Jabari Gibbs covers Glynn County in Coastal Georgia at The Current. Before joining Report for America, Gibbs was an Emma Bowen Foundation Fellow at The Current, covering Savannah government and city politics. He graduated from Georgia Southern University in 2023, where he served as editor-in-chief of The Inkwell, the campus newspaper. Under his leadership, the paper received multiple awards for investigating neglected student housing conditions. When he is not writing, Gibbs enjoys watching the NBA and going on long walks.

Safiyah Riddle

Safiyah Riddle’s reporting has appeared in Reuters, THE CITY, WNYC, Chicago Crain’s Business, Chalkbeat and more. Riddle won the Silurians Press Club’s Dennis Dugan award for her reporting on environmental contamination in New York City’s public housing. Her story about failed desegregation efforts in New York schools, which was part of a nine-part series, earned the 2023 Shaufler Prize in the student category.
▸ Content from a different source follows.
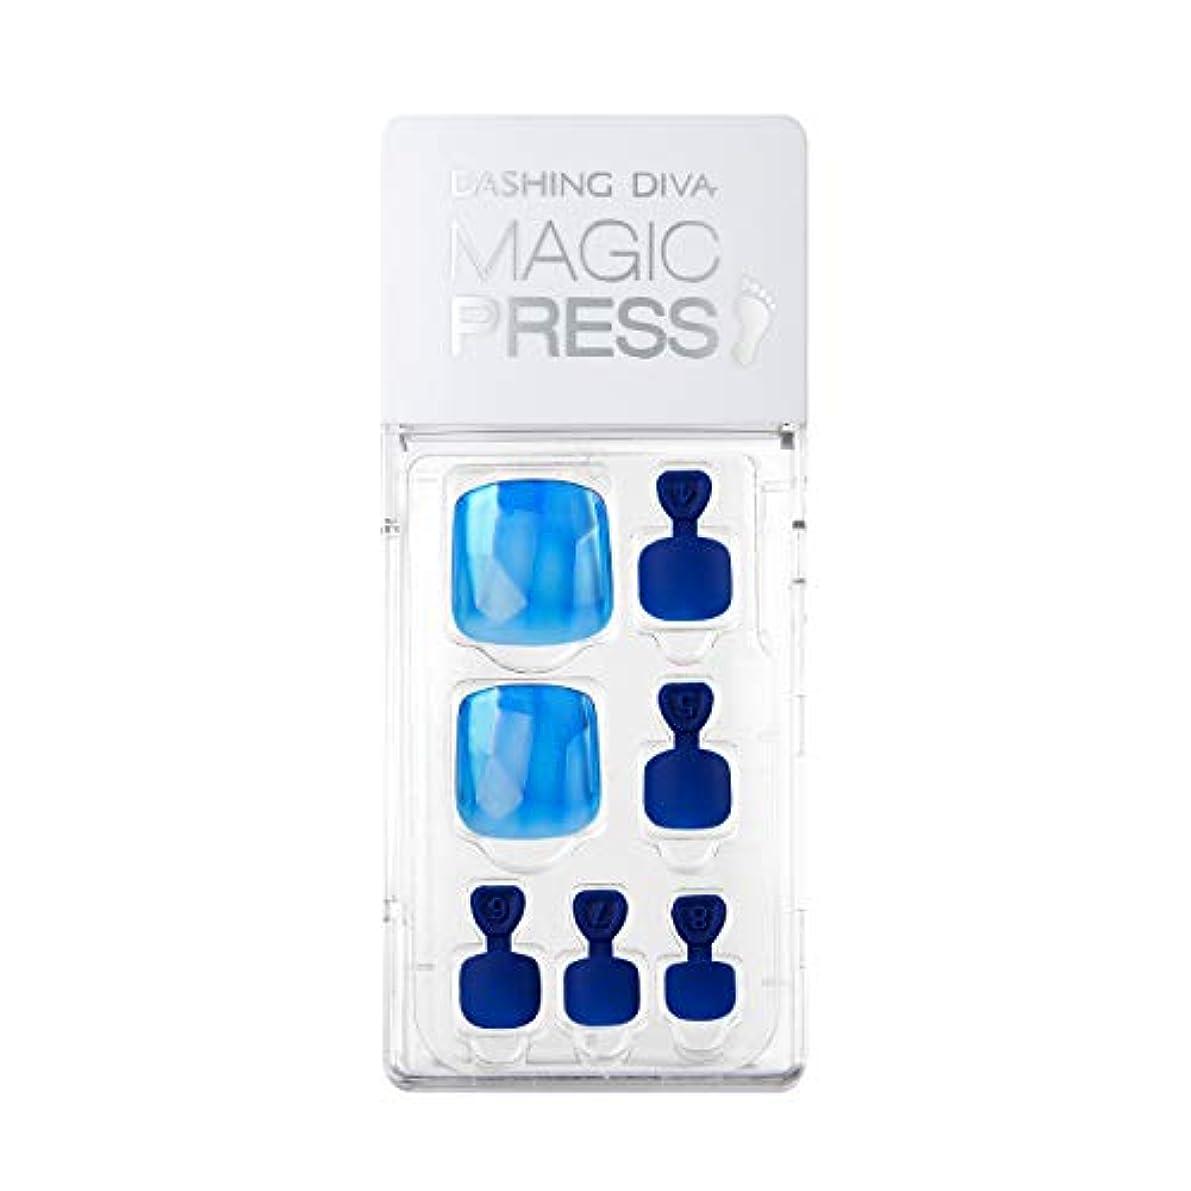 うんざりメタルライン参照ダッシングディバ マジックプレス DASHING DIVA MagicPress MDR_362P-DURY+ オリジナルジェル ネイルチップ Blue Gem
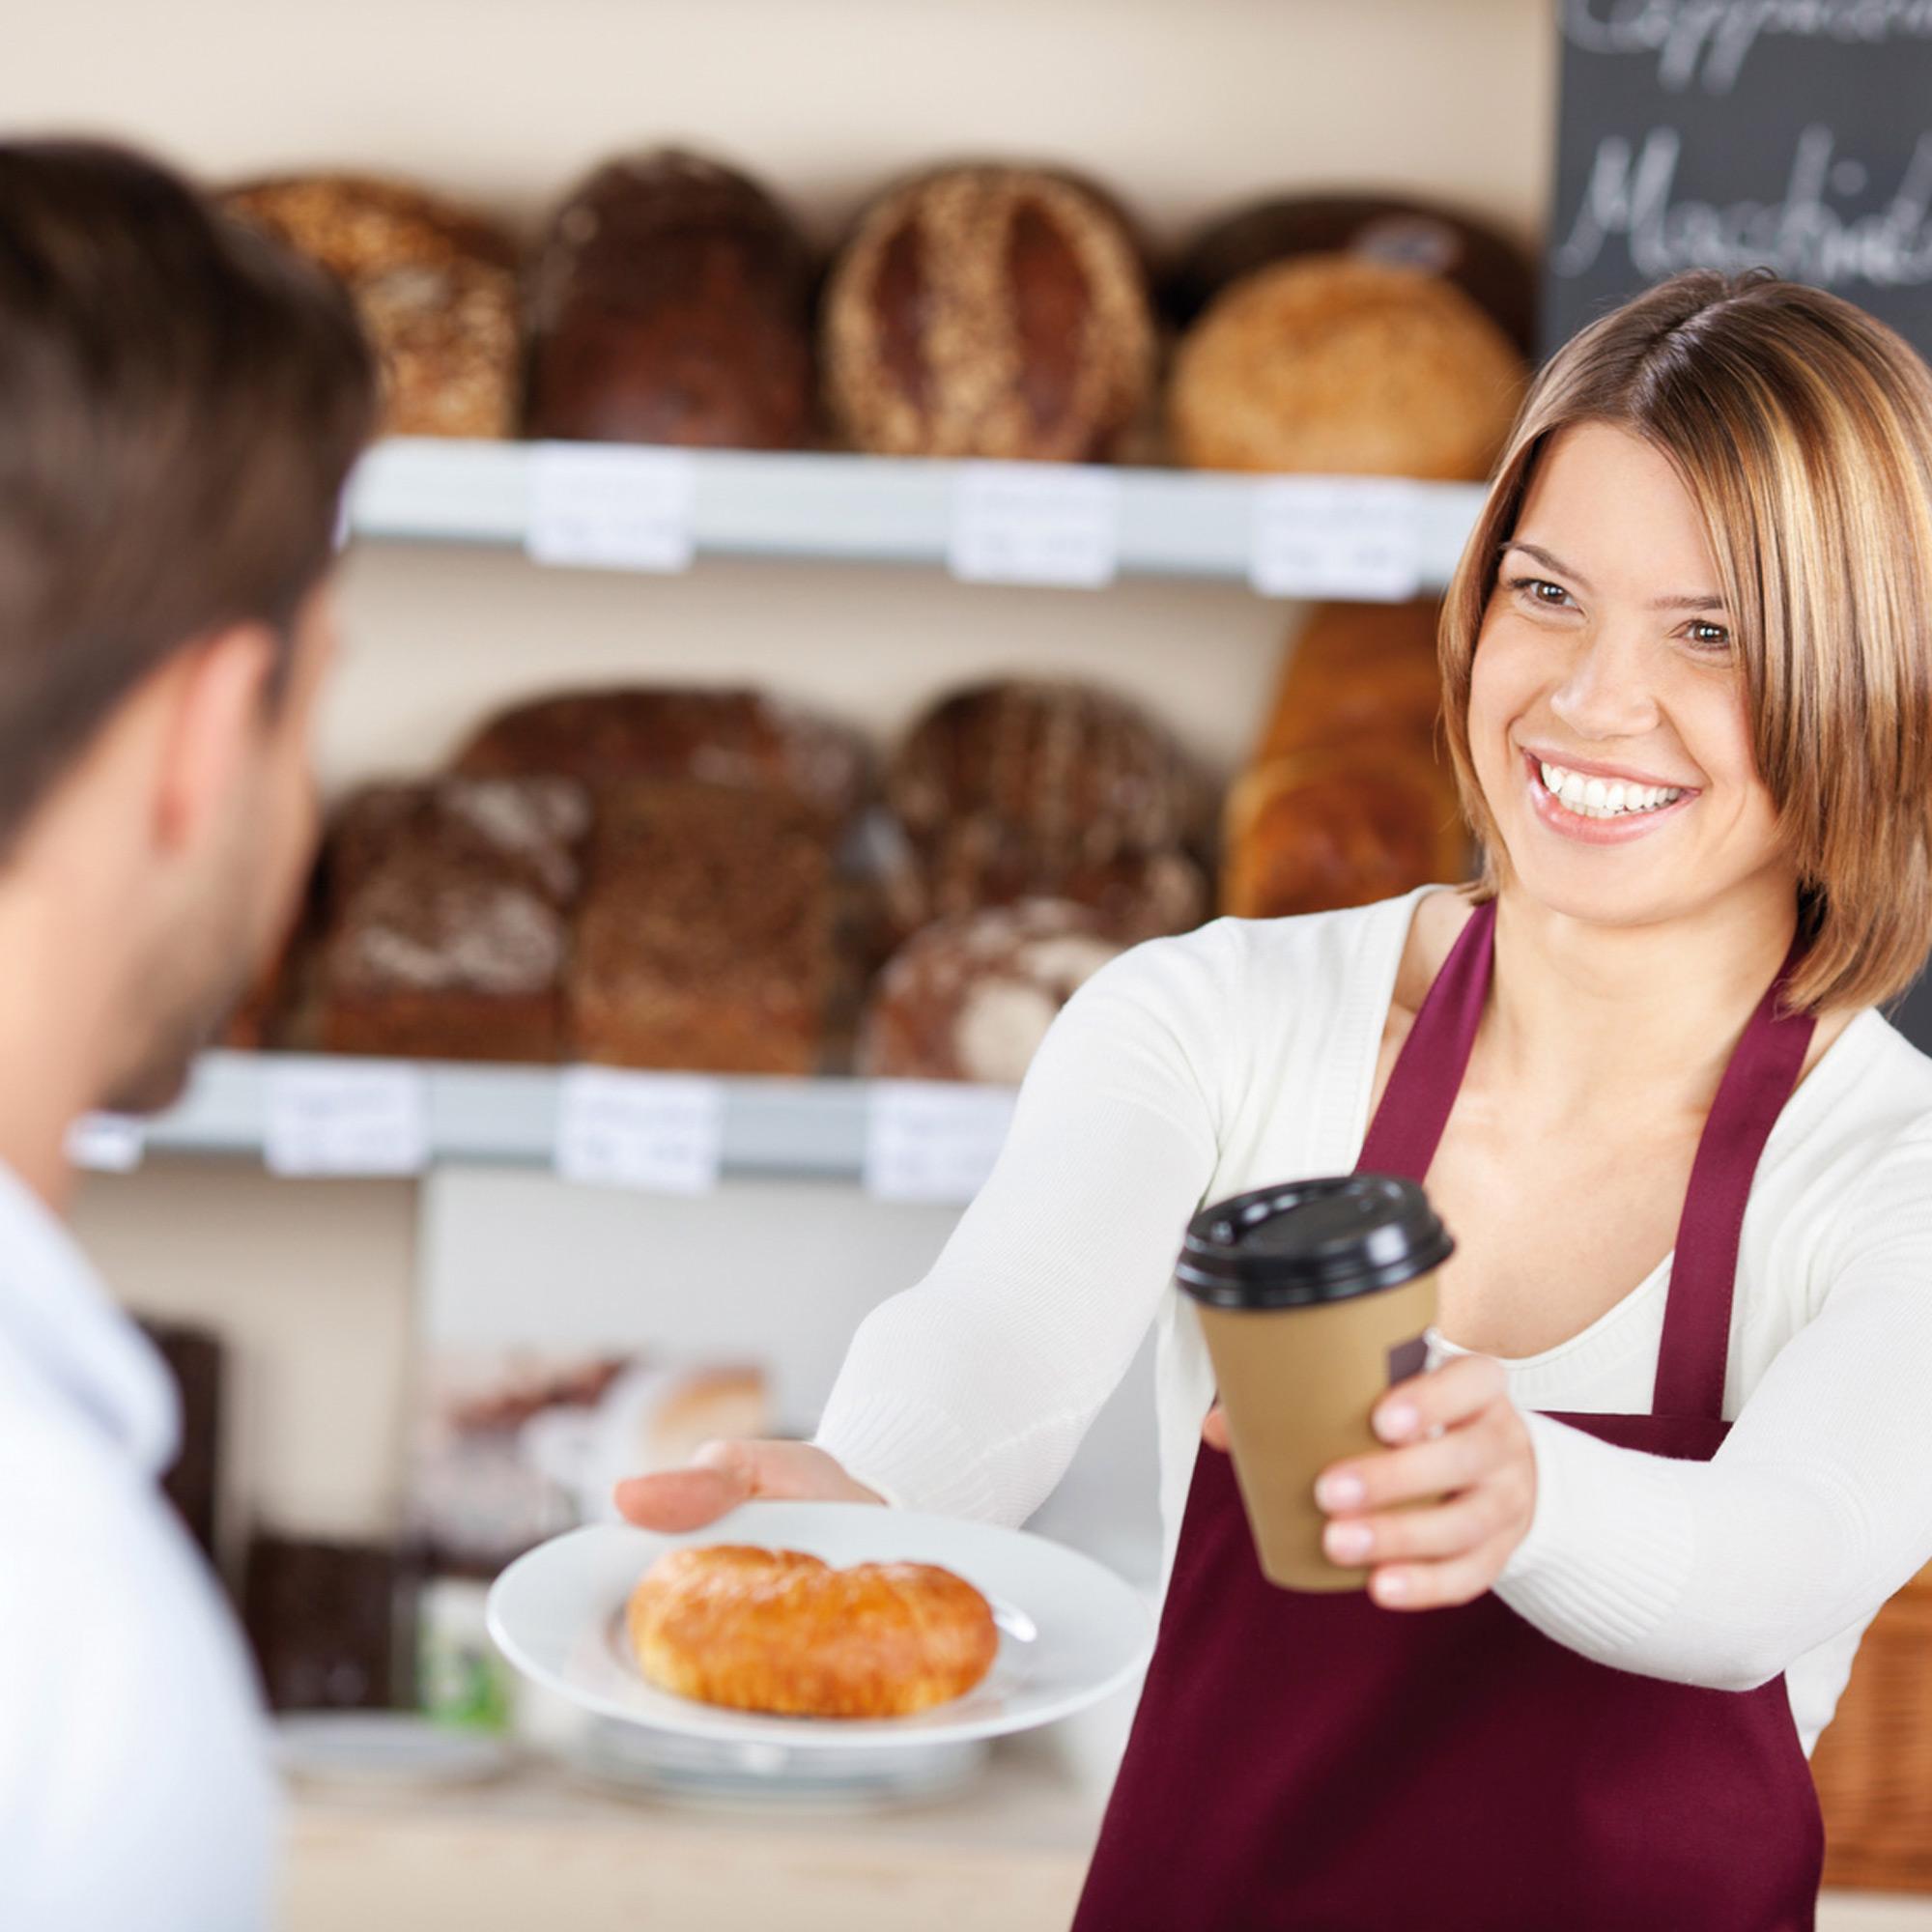 Verkäuferin eines geplanten Café in der studiosus 5 Wohnanlage reicht Kunden Croissant und Kaffee

Riddle holds a master's degree in economic reporting from the Craig Newmark Graduate School of Journalism, where she also concentrated in data and audio journalism. Most recently, Riddle was a fellow for This American Life, where she contributed reporting about a range of issues, including congressional elections and gun violence in schools. Raised in New York City, Riddle enjoys distance swimming in Brooklyn’s beaches (sometimes even in the winter).

Ben Jodway

Ben Jodway covers LGBTQ+ Ohioans living in rural communities at The Buckeye Flame. Before that, he covered education for the Midland Daily News, including a superintendent search and the resignation of Central Michigan University's president. Jodway was a reporter on Central Michigan University's student newspaper, CM Life, covering general assignments. At WCMU Public Radio, he covered libraries being criticized for displaying LGBTQ+ books. He has a bachelor's degree in history from CMU.

Jack Brook

Before joining The Associated Press, Brook lived in Phnom Penh, Cambodia for three and a half years, initially arriving as a Henry Luce Scholar. He has since worked as a freelance journalist covering Southeast Asia with a focus on human rights and environmental issues. His reporting has appeared in a range of publications, including The Guardian, Al Jazeera, Nikkei Asia, Mongabay and Vice World News. He also served as an editor with CamboJA News, one of Cambodia's last independent media outlets at the time. He grew up in Palo Alto, California, and graduated from Brown University with a bachelor's degree in history. He speaks conversational Khmer and Spanish and once attended an elephant’s wedding.

Santiago Ochoa

Santiago Ochoa is a bilingual journalist covering health care at WFDD and La Noticia in Winston-Salem, North Carolina. Before joining WFDD, Ochoa covered healthcare access at the Yakima-Herald Republic in Yakima, Washington for Report for America. Ochoa began his journalism career at the Flint Beat in Flint, Michigan, covering the city’s Latino population—and won top honors in the Michigan Press Association’s feature category. Ochoa studied at the University of Michigan-Flint, where he was editor-in-chief of the school’s paper, The Michigan Times. When he’s not working, Ochoa enjoys cross-country trips on his motorcycle, photography and going to the movies.

Berenice Garcia

Before joining Texas Tribune, Berenice Garcia covered local governments across various cities in the Rio Grande Valley, crime and general assignments, as well as spearheaded healthcare coverage at The Monitor newspaper. A Valley native, she traveled east to earn her bachelor's degree in journalism and politics from New York University. During her time there, she interned at NBC News, the Daily Beast and the New York Daily News. When she's not reporting, Berenice enjoys getting the wind knocked out of her at the gym.